To further reduce the undercooling and narrow the freezing range, 3.0–5.0 at.% of Zn, which is much higher than 1.1 at.% used in Sn-based solders, is introduced into SnCu0.015@SiO2 microspheres (Figure 6). The addition of 3.0–5.0 at.% Zn can significantly reduce undercooling. For example, the values of undercooling of SnZn0.03Cu0.015@SiO2, SnZn0.04Cu0.015@SiO2, and SnZn0.05Cu0.015@SiO2 microspheres are about 3.2, 4.9, and 2.8 °C, respectively. Furthermore, the exothermic peak of SnZn0.04Cu0.015@SiO2 or SnZn0.05Cu0.015@SiO2 microspheres is much sharper than that of Sn@SiO2 or SnCu0.015@SiO2 microspheres, suggesting that addition of 4.0 or 5.0 at.% Zn can greatly reduce the freezing range. As indicated by the difference in phase composition between SnCu0.015@SiO2 and SnZn0.03–0.05Cu0.015@SiO2 microspheres (Figure 5a), the significant promotion effect on the solidification of liquid Sn observed in these SnZnCu@SiO2 microspheres should be related to the formation of the Cu5Zn8 phase. In addition, by comparing these observations with the result obtained from SnCu0.03@SiO2 microspheres in the presence of Cu6Sn5 phase, it is inferred that the Cu5Zn8 phase can provide much more effective sites for heterogeneous nucleation than the Cu6Sn5 phase. This result is similar to the observation in Sn–Cu–Ni solders that the Ni3Sn4 phase is more effective for undercooling suppression than the Cu6Sn5 phase [22].

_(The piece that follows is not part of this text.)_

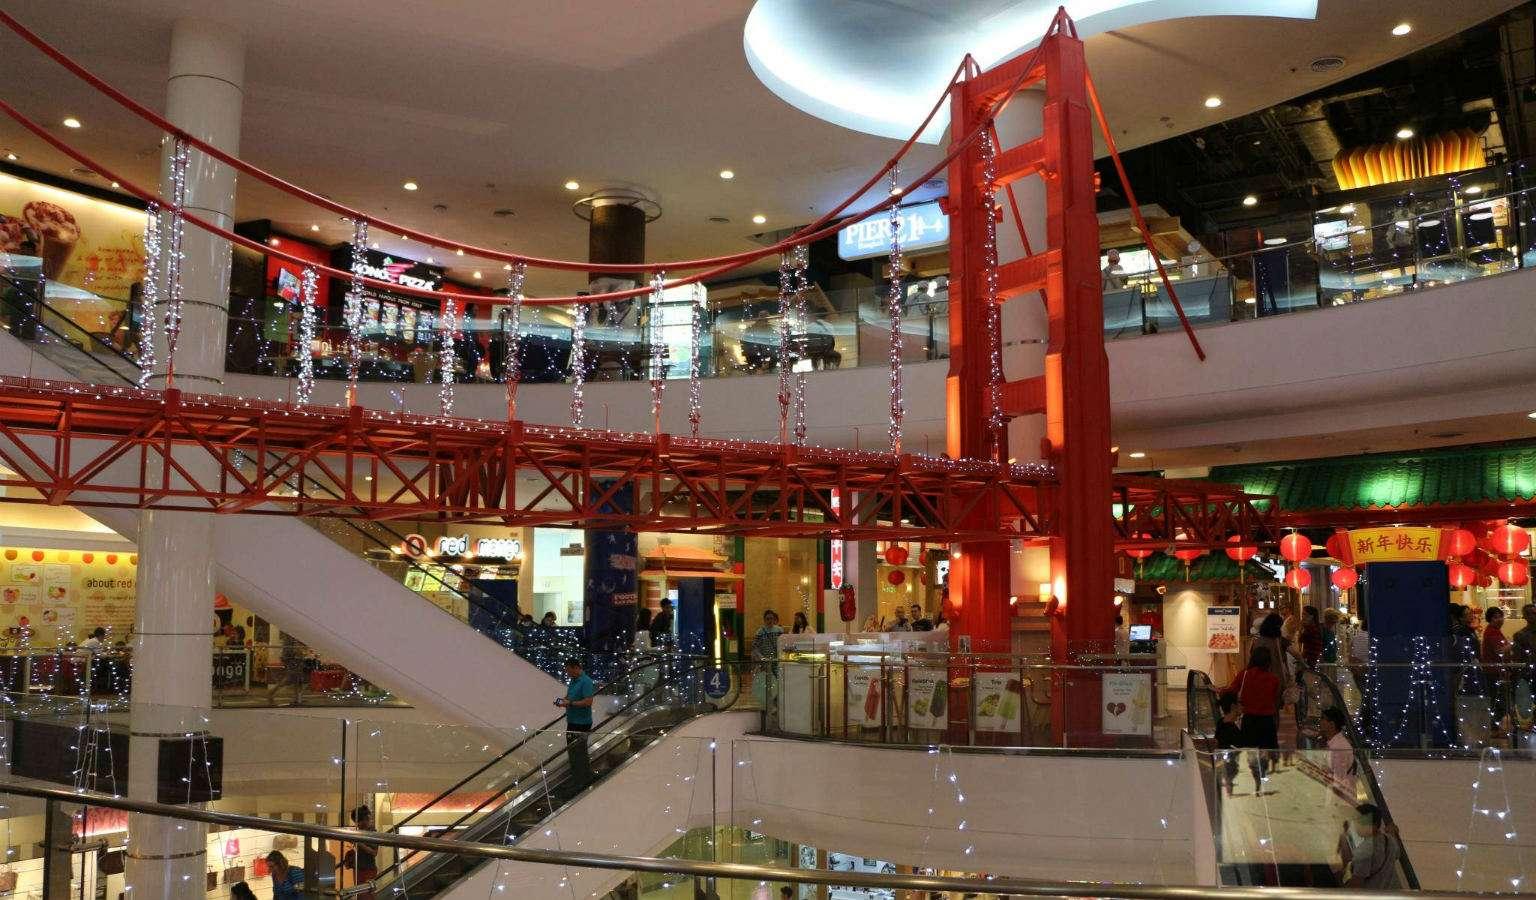 Rode brug van San Francisco nagebouwd in Terminal 21

Besides reducing the undercooling and narrowing the freezing range, the addition of 4.0 at.% Zn also results in a sharp, symmetrical melting peak with its peak temperature being slightly lower than that of Sn@SiO2 microspheres (Figure 6a). The sharp melting peak hints at a very narrow melting range, which is a common feature of a pure substance or a eutectic mixture, hinting that Sn–Zn–Cu eutectic forms in SnZn0.04Cu0.015@SiO2 microspheres probably because the chemical composition of SnZn0.04Cu0.015 microspheres is close to that of Sn–Zn–Cu eutectic. According to the method for determination of eutectic by DSC [31], the speculation that the addition of 4 at.% Zn leads to a chemical composition close to the composition of Sn–Zn–Cu eutectic is supported by the result that when 3.0 or 5.0 at.% Zn is added, the melting peak is obviously broader than that of SnZn0.04Cu0.015@SiO2 microspheres (Figure 6a). In addition, when 5.0 at.% Zn is added, a pair of new but weak peaks appear in the melting and solidification processes (indicated by solid circles in Figure 6a), indicating that 5.0 at.% Zn is obviously larger than the amount of Zn in the Sn–Zn–Cu eutectic. Based on the Sn–Zn phase diagram [27], an endothermic peak temperature of around 197 °C hints at the formation of SnZn0.15 eutectic in SnZn0.05Cu0.015@SiO2 microspheres. It is also interesting to note that the chemical composition of SnZn0.04Cu0.015 microspheres is very similar to that of another Sn-based ternary eutectic, namely Sn–Ag–Cu eutectic with 3.5 wt.% Ag and 0.9 wt.% Cu (namely about 3.81 at.% Ag and 1.66 at.% Cu) [32].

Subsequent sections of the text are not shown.